2: I’m capable of more than I realize.
3: The trip will be what it is and I’m only in control of
how I experience that.
4: Just when I think I’ve got it all figured out,
comeuppance is right around the corner.
5: I’m on my own to figure stuff out, no matter how warmly
technology might embrace me when I’m dry and getting a signal.
6: Not every ride is a fun one: sometimes I just have to put
my head down and go.
***Taking the Animal, Vegetable, Mineral approach, my mortal
enemies are: the long-finned eel (all eels in general really), eggplant, and
gravel.
The trip:
10/19: NYC
to Sydney
10/20:
Sydney airport hotel
10/21:
Christchurch
10/22: Twizel
10/23: Omaru
10/24:
Dunedin
10/25:
Dunedin
10/26:
Dunedin
10/27:
Dunedin (rain day)
10/28: Invercargill
10/29:
Invercargill (motorcycle museum & yarn shopping!)
10/30: Te
Anau
10/31: Te
Anau (broken sensor & GLOWWORMMAGGOTS)
11/1: Fox
Glacier
11/2: Fox
Glacier (glacier, KIWI)
11/3: Fox
Glacier (rain)
11/4: Fox
Glacier (more rain)
11/5: To Christchurch
and the airport; overnight in Sydney
11/6: Kiama
11/7: Kiama
(rain)
11/8:
Canberra
11/9: Canberra
(KOALAS)
11/10:
Jindabyne
11/11: Lakes
Entrance
11/12: Lakes
Entrance
11/13:
Torquay
11/14:
Worramnboll
11/15:
Bendingo
11/16:
Beechworth (ECHINDA)
11/17: Beechworth
(more yarn!)
11/18:
Beechworth
11/19:
Bathurst
11/20: Karuah
11/21: Karuah
11/22:
Kandos
11/23: Kandos
(rain/wind)
11/24: Dubbo
(dubbo!)
11/25:
Tamworth
11/26: Port
MacQuarie
11/17: Sydney
11/28:
Sydney
11/29: NYC
In conclusion, maybe the most poignant moment of the past six
weeks.

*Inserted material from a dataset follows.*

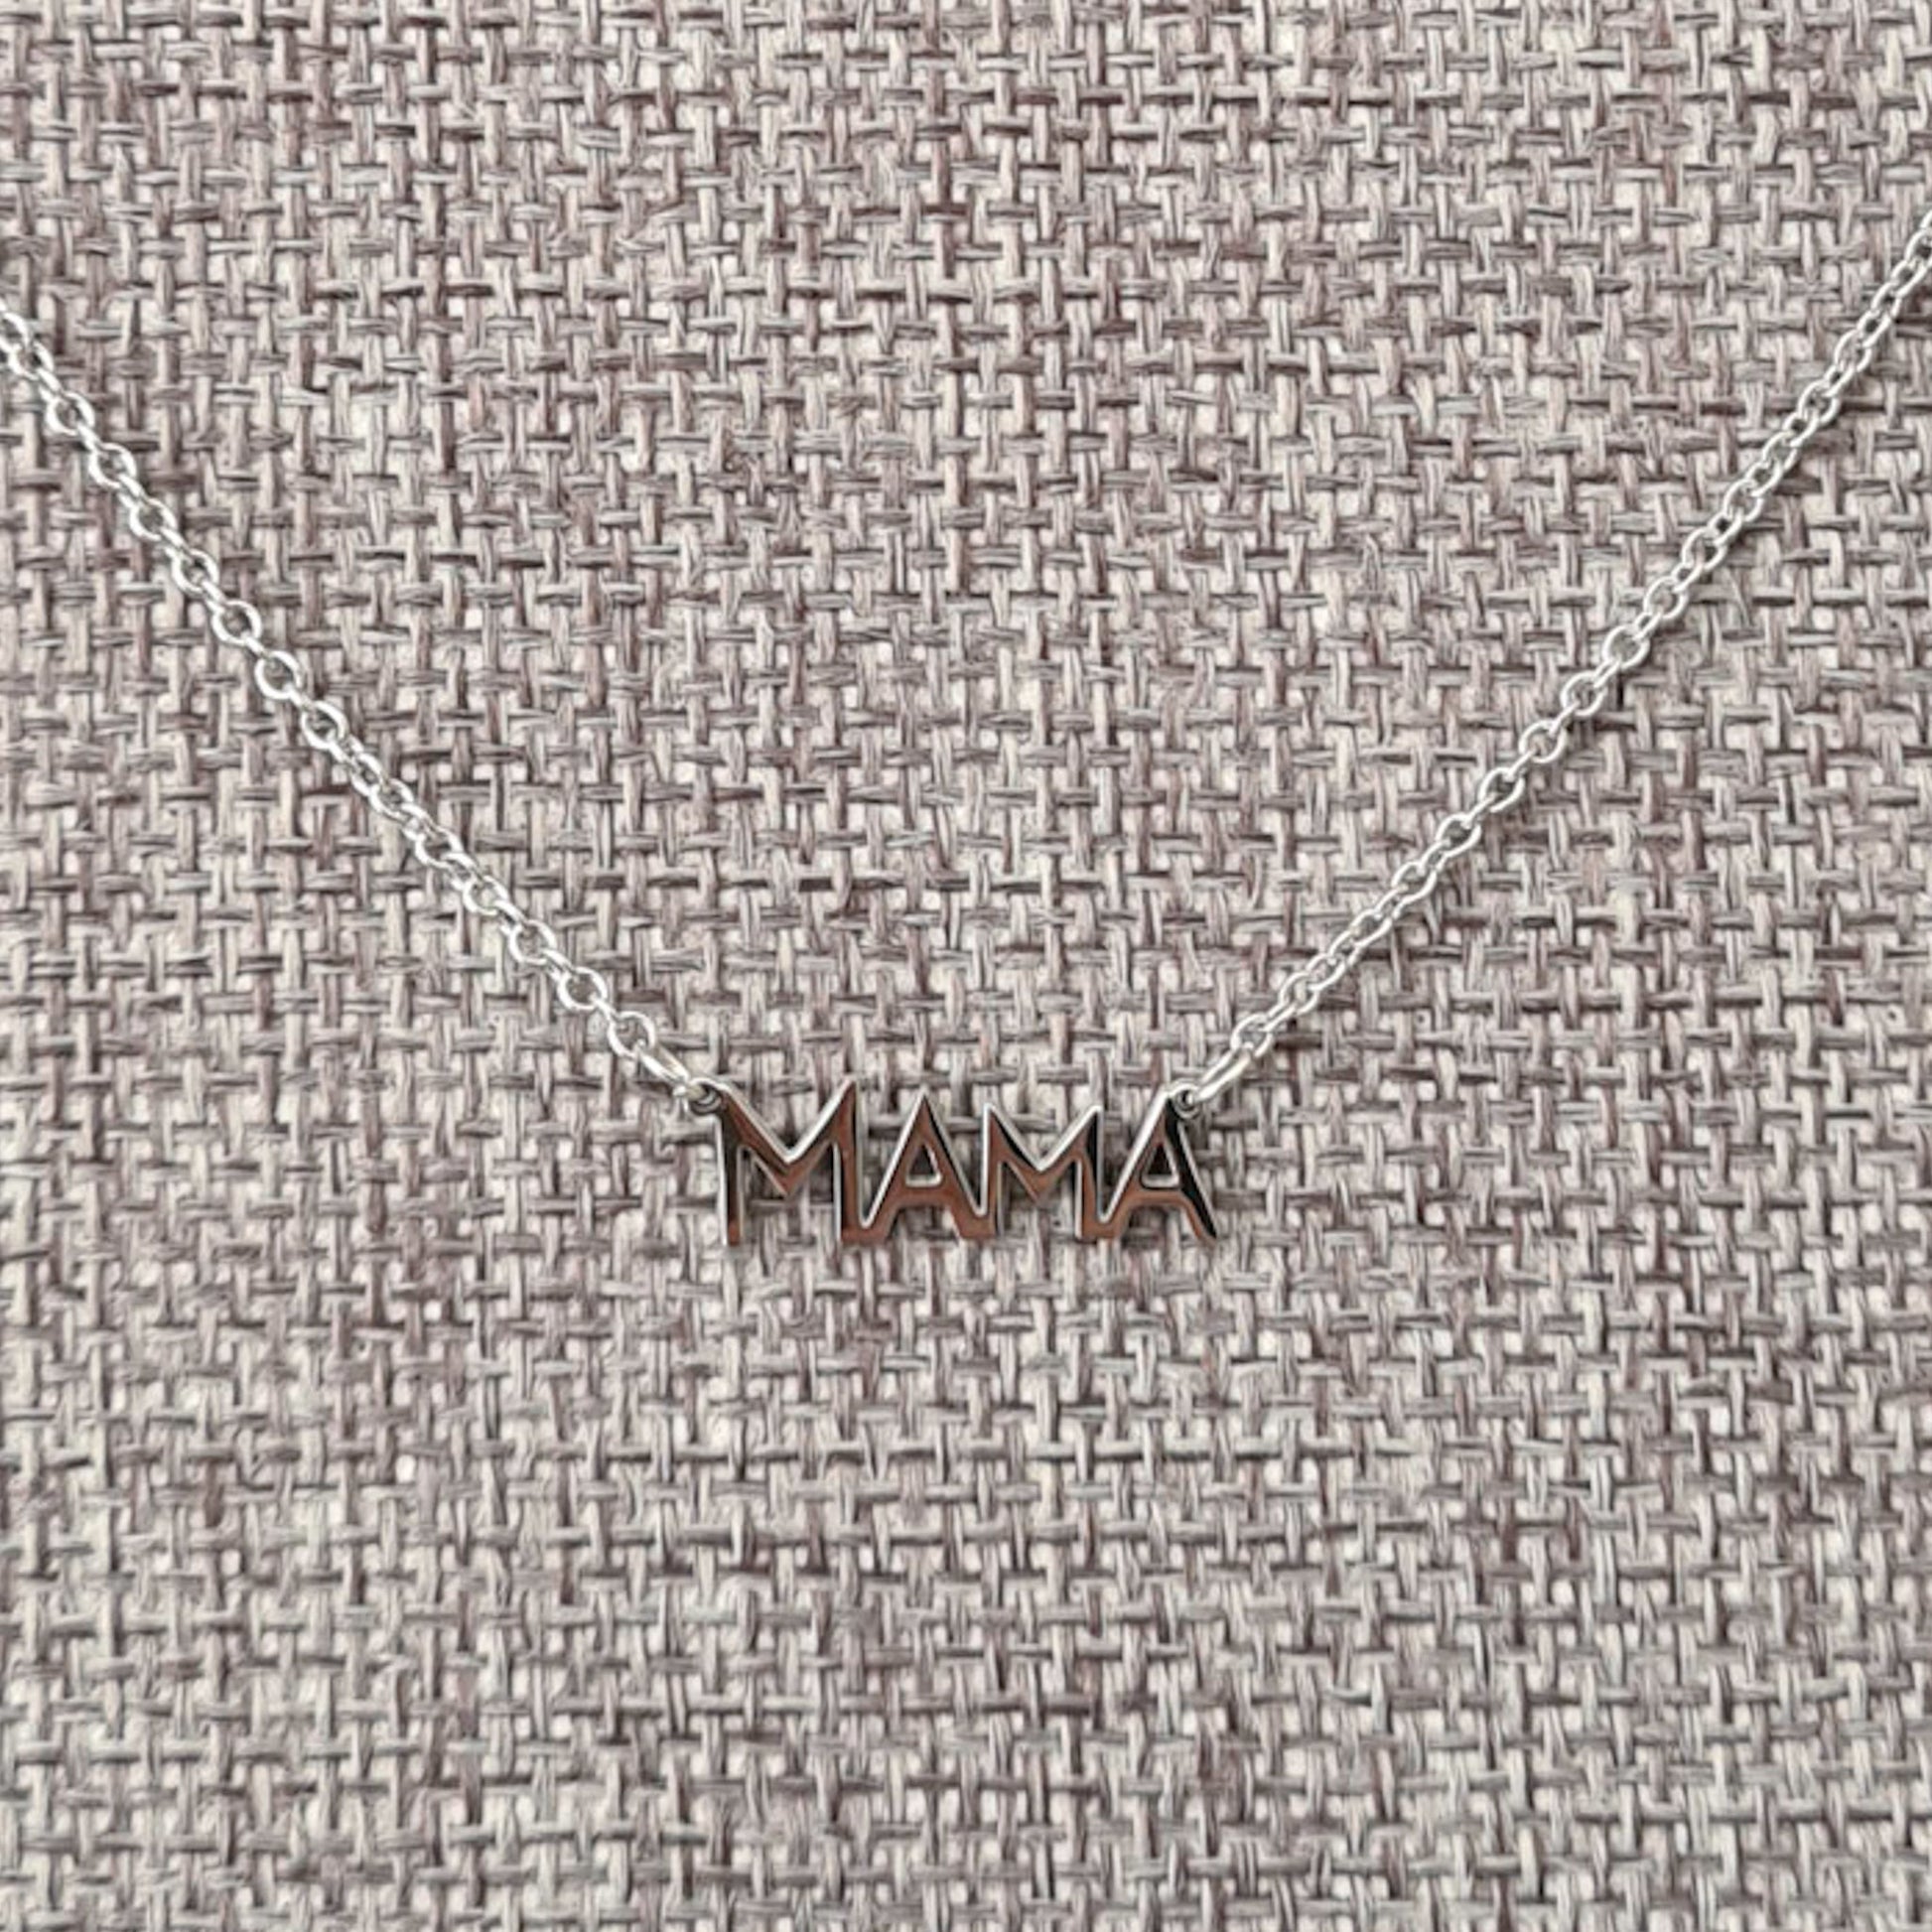 Mama monogram letter necklace
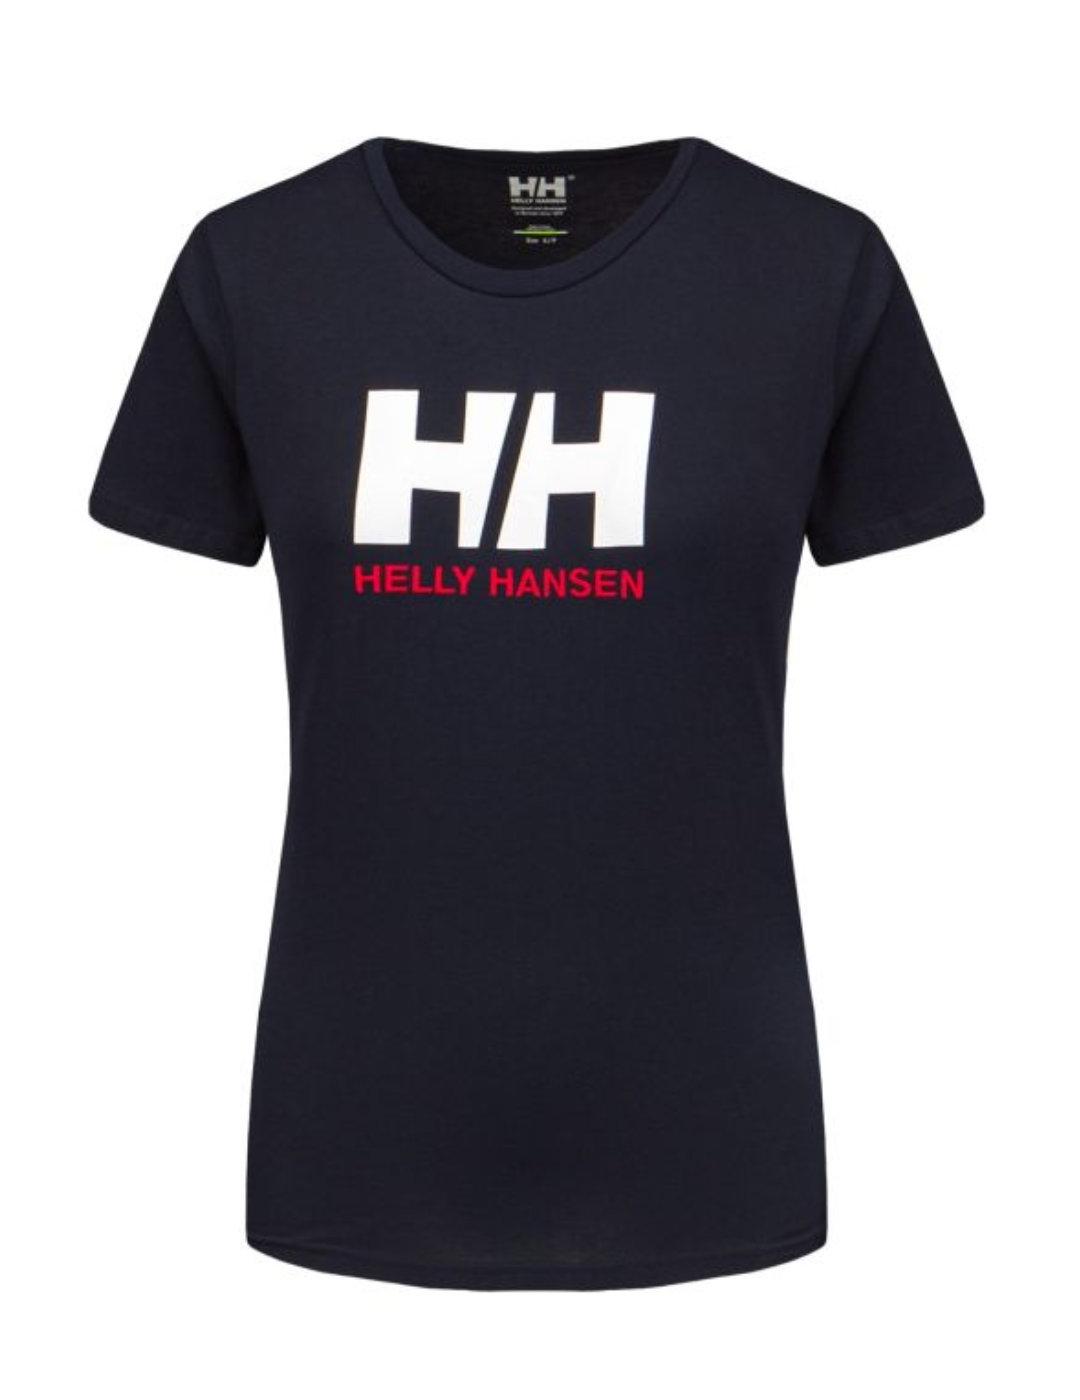 Camiseta Helly Hansen logo azul marino manga corta de mujer

I followed this guy around for ages and s/he pretended to be cool with
it and then finally lost his/her bottle and found a place to bury his/her face
in the grass and hope I went away.
I was so fascinated by this creature that I took ruthless
advantage of his/her stillness to creep even closer. It was only when I was so
close I could see his/her little sides heaving that I realized I might be being
a terrorist so either the echidna is a heavy breather as a matter of course or
this particular creature somehow sensed my deepest desire, for it and me and
the emu and Turbo and the koalas and some platypus and a bunch of macropods to
all go live together happily ever after. I gave that dream one last moment then
bid it farewell and tip-toed away. Despite how he (did you know all orange cats are male??? and all tortoiseshell cats are female?????) looks like an angel while sleeping, Turbo would be a nightmare in that household
and surely the echidna would never forgive me.